As I mentioned earlier, Mike and I were extremely well fed in Zambia during our time building huts in the village of Mwandi.  Most dishes however, were Americanized or inspired by British food.  One interesting local food of note is nshima. It looks like mashed potatoes but literally tastes like nothing. Nshima is a maize based starchy staple for Zambians and is served with almost everything. I even heard one local Zambian say that a meal is not complete without it.
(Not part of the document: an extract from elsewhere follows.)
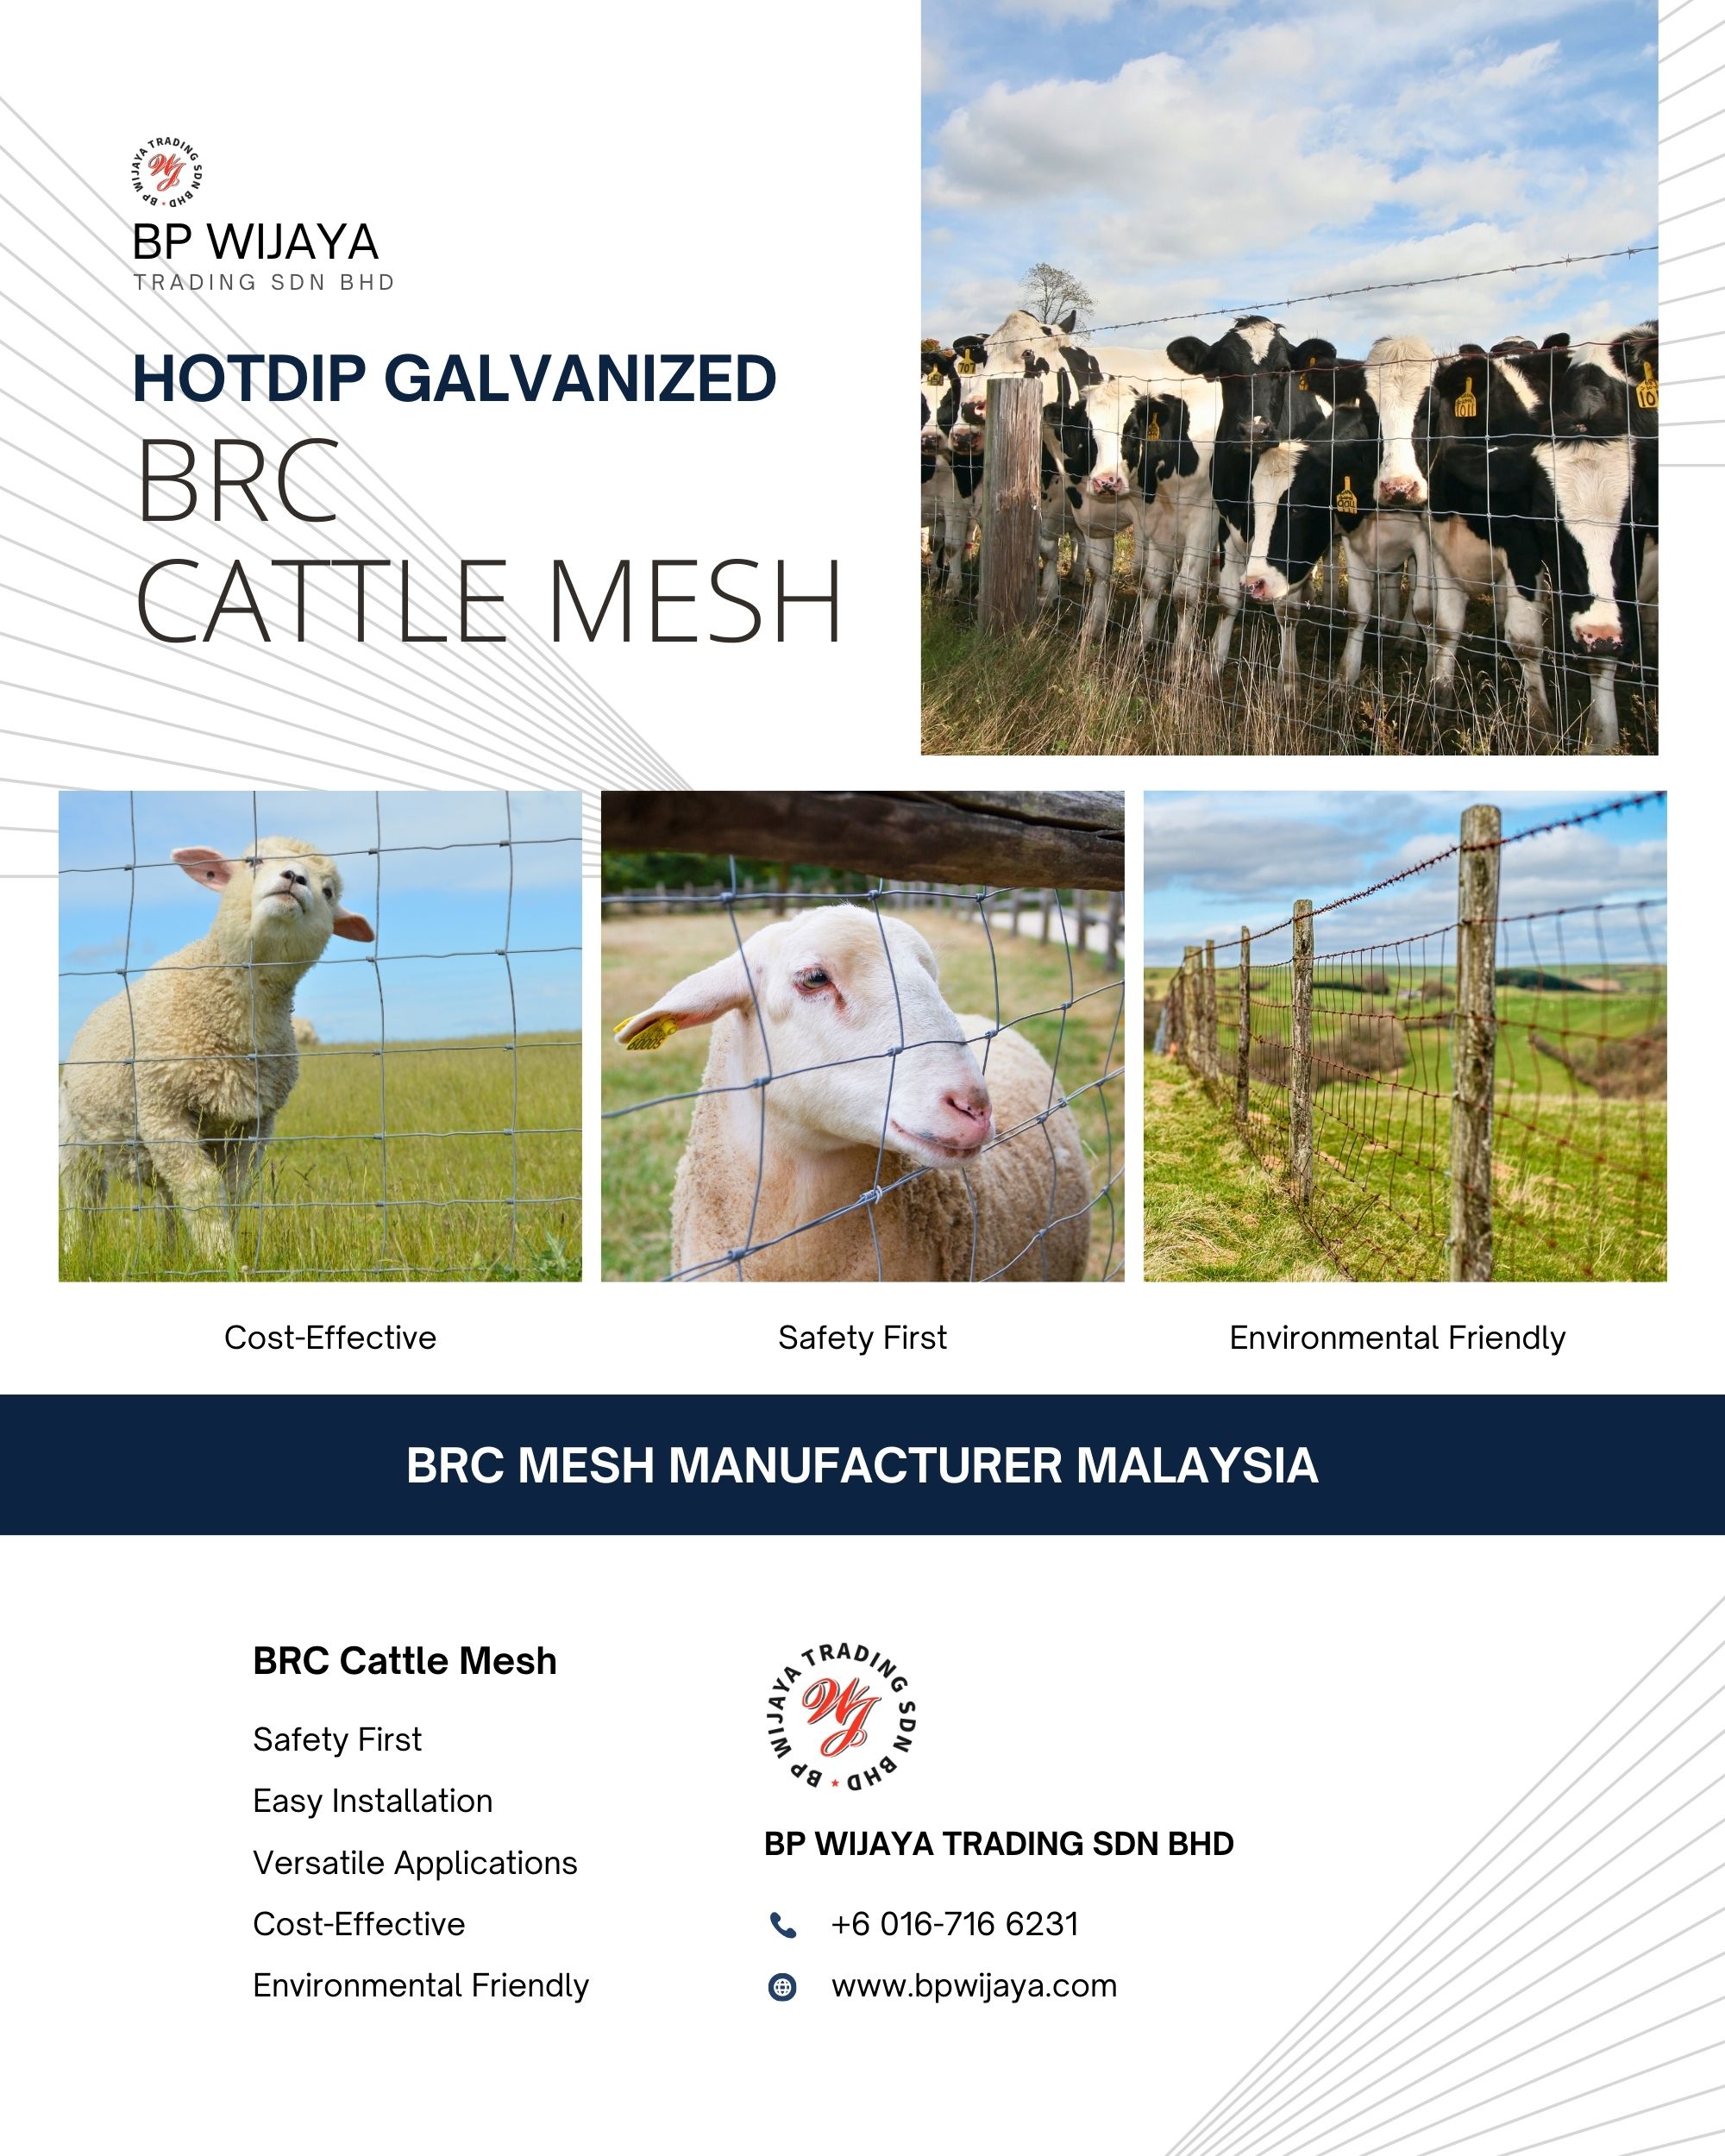 Hotdip Galvanized BRC Cattle Mesh Malaysia - BP Wijaya Trading Sdn Bhd Wire Mesh Manufacturer Malaysia
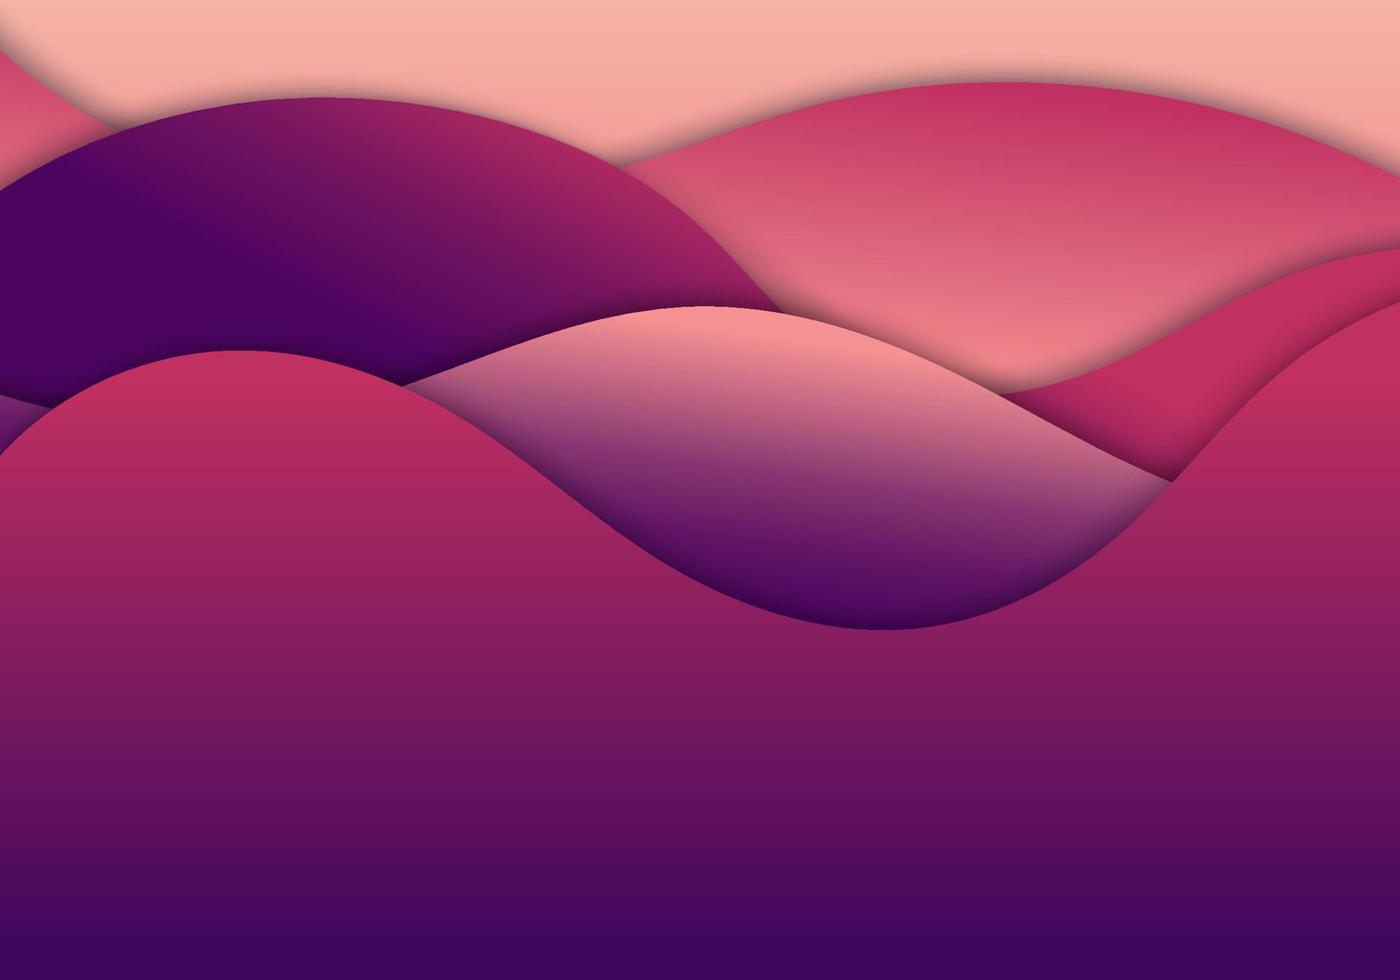 abstracte moderne roze en paarse gradiëntkleur golfvorm papier knippen stijl achtergrond en textuur vector

Just as the culture in Namibia is an odd dichotomy between the indigenous tribal people and the German colonizers, so too is the food. It was both strange and enjoyable to eat a traditional German sausage with sauerkraut at a German pub one evening in Swakopmund and locally caught game the next. Mike enjoyed two different types of meat: oryx and kudu.  It was a bit surreal because we saw both of these animals in the wild while on our safari and then encountered them on our plate. Kudu, an antelope commonly found in Africa, was lean and tasted similar to venison.  And oryx was flavorful and smooth. 

South Africa:

Mike and I instantly felt as if we were rejoining the modern world from the second we crossed the border into South Africa en route to Cape Town.  In fact, we often felt like we were in America or Europe instead of Africa when we were strolling the streets, sitting at a sidewalk cafe, or indulging at the trendiest burger joint (thank you Royale Eatery for one of the best burgers of my life). Yet even though South Africa as a country is entirely modern, chic, and culinarily advanced, much of their food is still steeped in tradition.

Mike felt entirely meat deprived in Asia. South African food made up for that…big time…as the cuisine is heavily meat-based.  This focus on carne has led to the distinctively South African social gathering known as a braai, or barbecue. Braai is widely popular and includes meat, especially boerewors -spicy sausages. (The South Africans even celebrate Braai Day every year!). Luckily, this method of cooking has bled into South Africa’s neighboring countries as well and we enjoyed an authentic braai at our bush camp in Botswana and several nights over Mike’s self-made campfire dinners in Namibia. He enjoyed this method of cooking so much that I am seriously considering buying him a braai for his 30th birthday.  The flavor that cooking local, fresh meats over a wood fire coals is second to none.